The `@modelcontextprotocol/server-postgres` package is still resolvable, but it is frozen at its archived version. New installs are strongly discouraged for the reasons above.

### Does the Datadog issue affect Postgres MCP Pro?

No — Postgres MCP Pro implements its own read-only enforcement that does not split on the same multi-statement boundary, and writes are gated behind an explicit safe-mode flag. The vulnerability is specific to the archived reference server.

### I have an existing agent using this MCP — what do I do?
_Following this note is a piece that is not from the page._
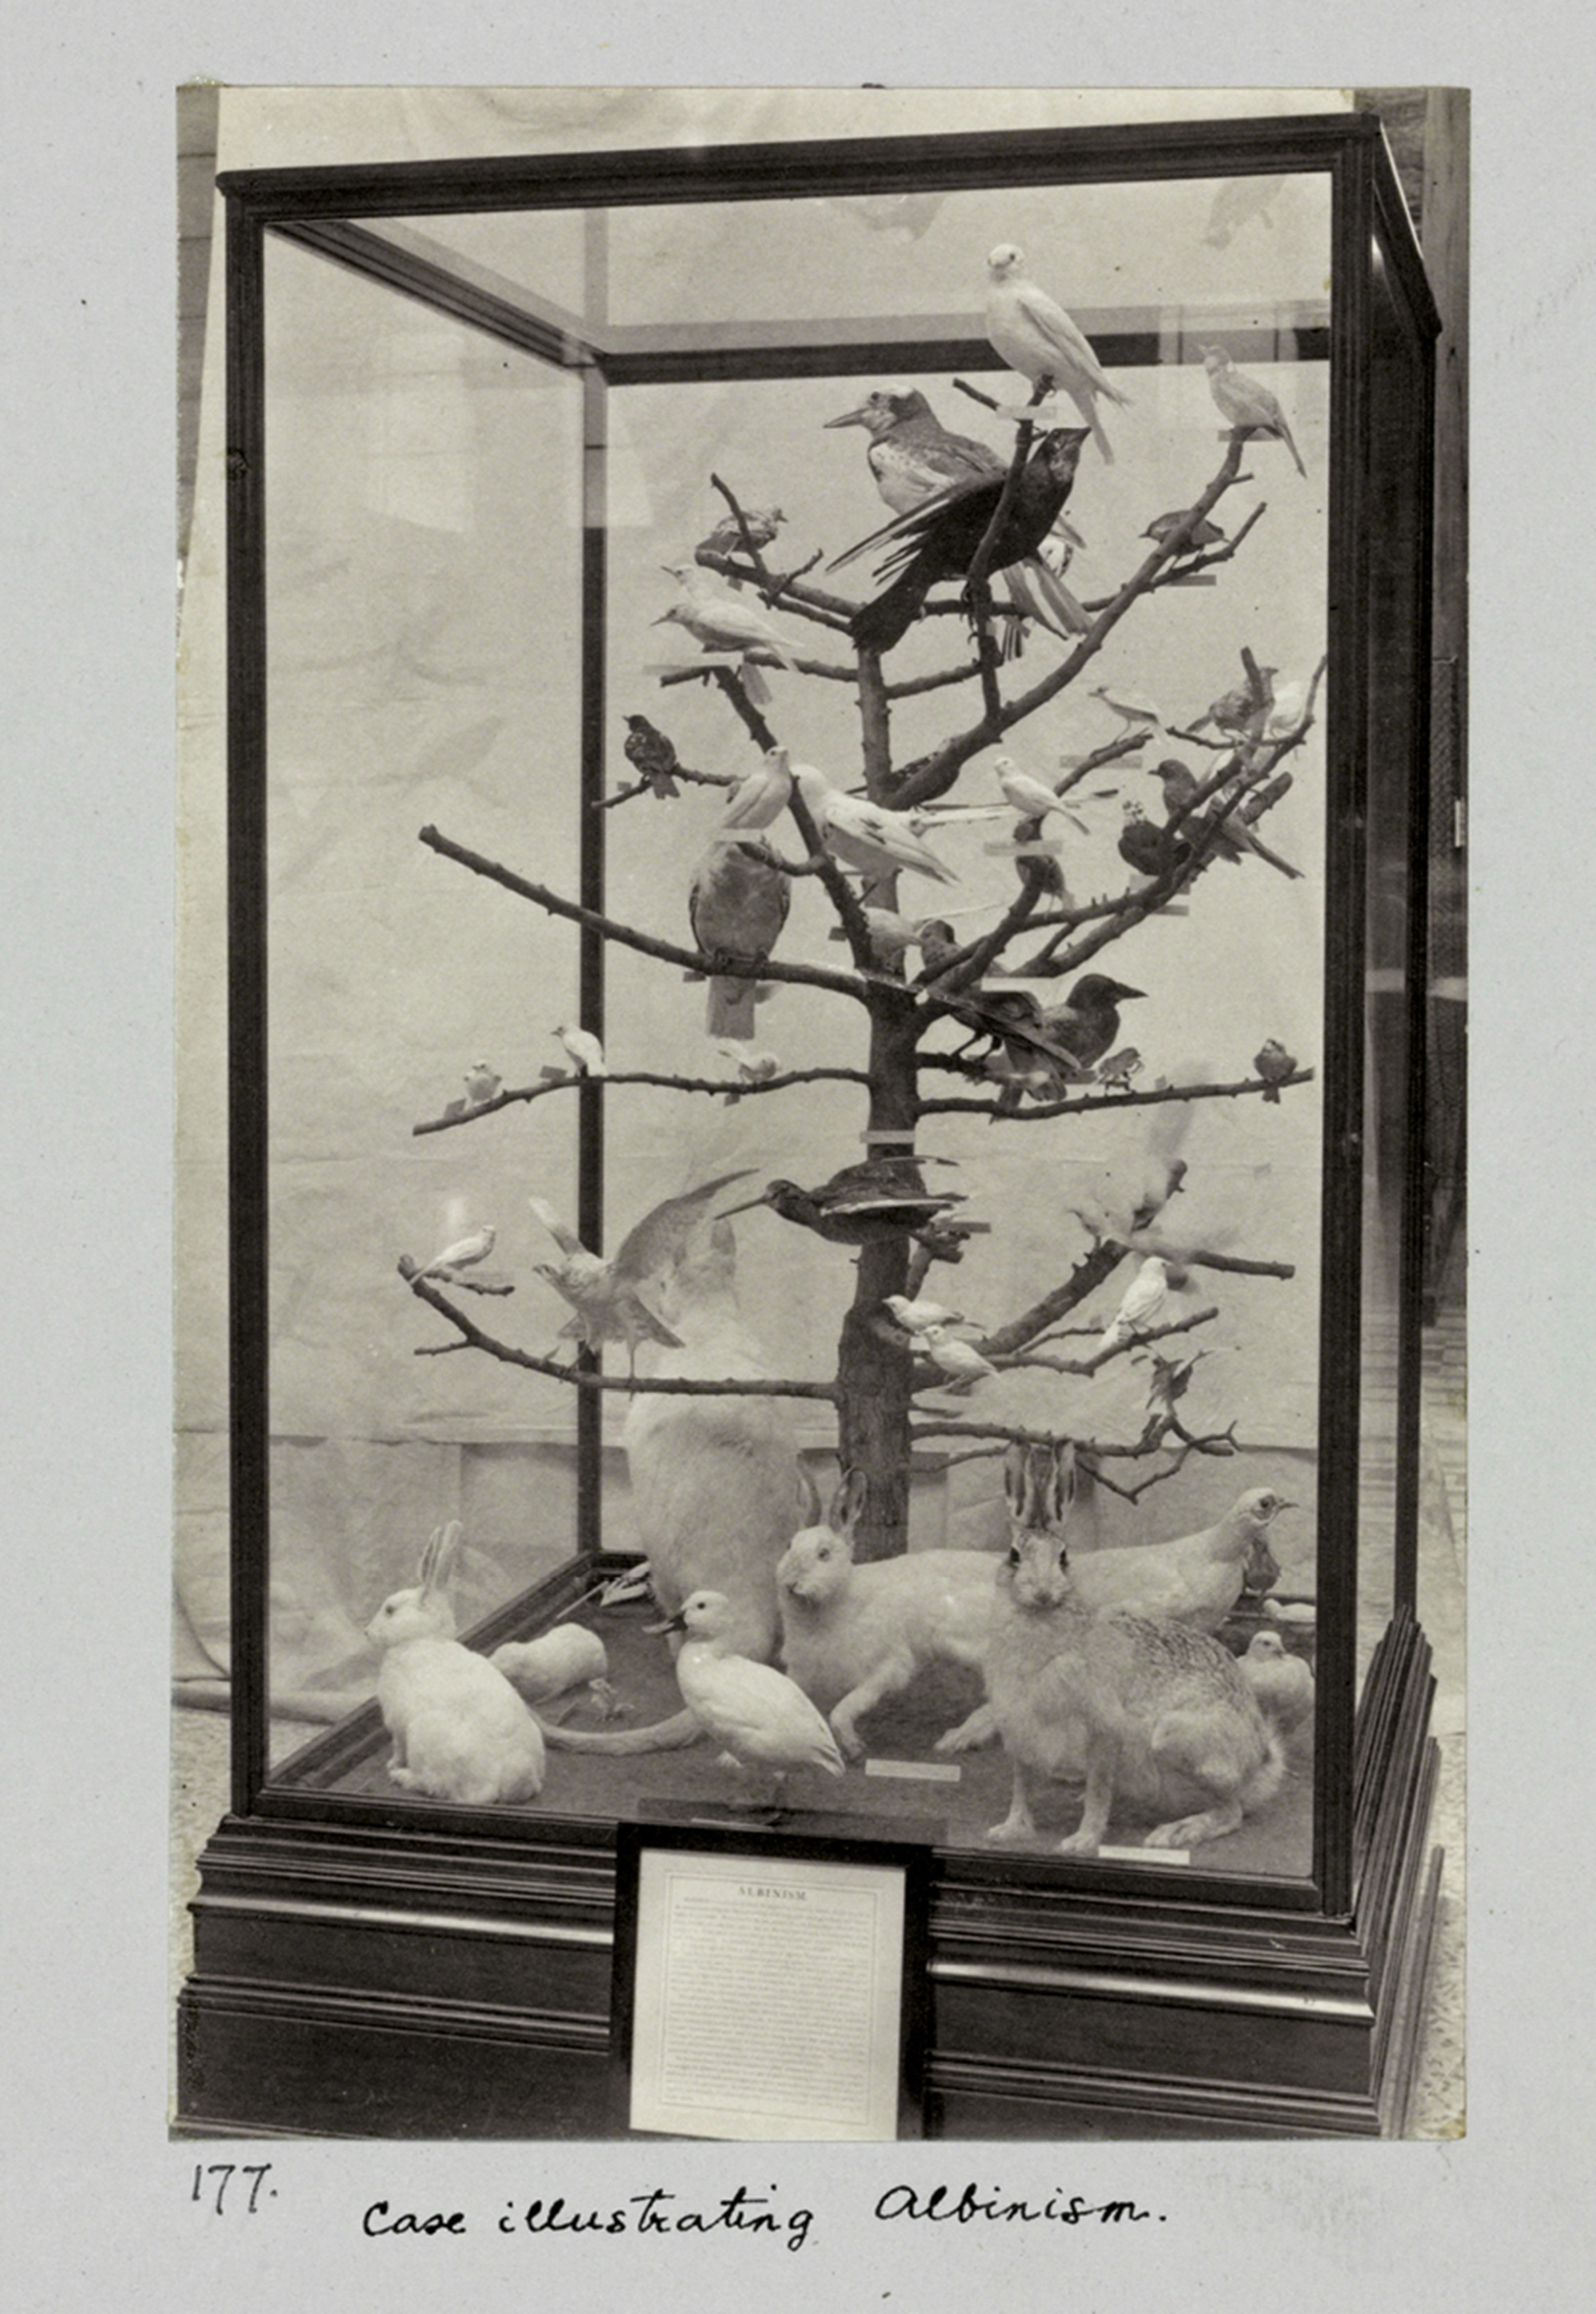 A case created by Henry Flower for London’s Natural History Museum. It features rabbits and doves whose colour demonstrates albinism.

Two steps: (1) swap `npx -y @modelcontextprotocol/server-postgres` for `uvx postgres-mcp` (Postgres MCP Pro) and pass the connection string as `DATABASE_URI`; (2) make sure the connecting Postgres role is GRANT-ed only `SELECT` on the schemas you want exposed — that DB-level guard is what makes the read-only contract real, regardless of which MCP you use.

## Changelog

- **2026-05-29** — Refreshed install snippets and fact sheet; verified for 2026.
- **2024-11-25** — Initial directory listing.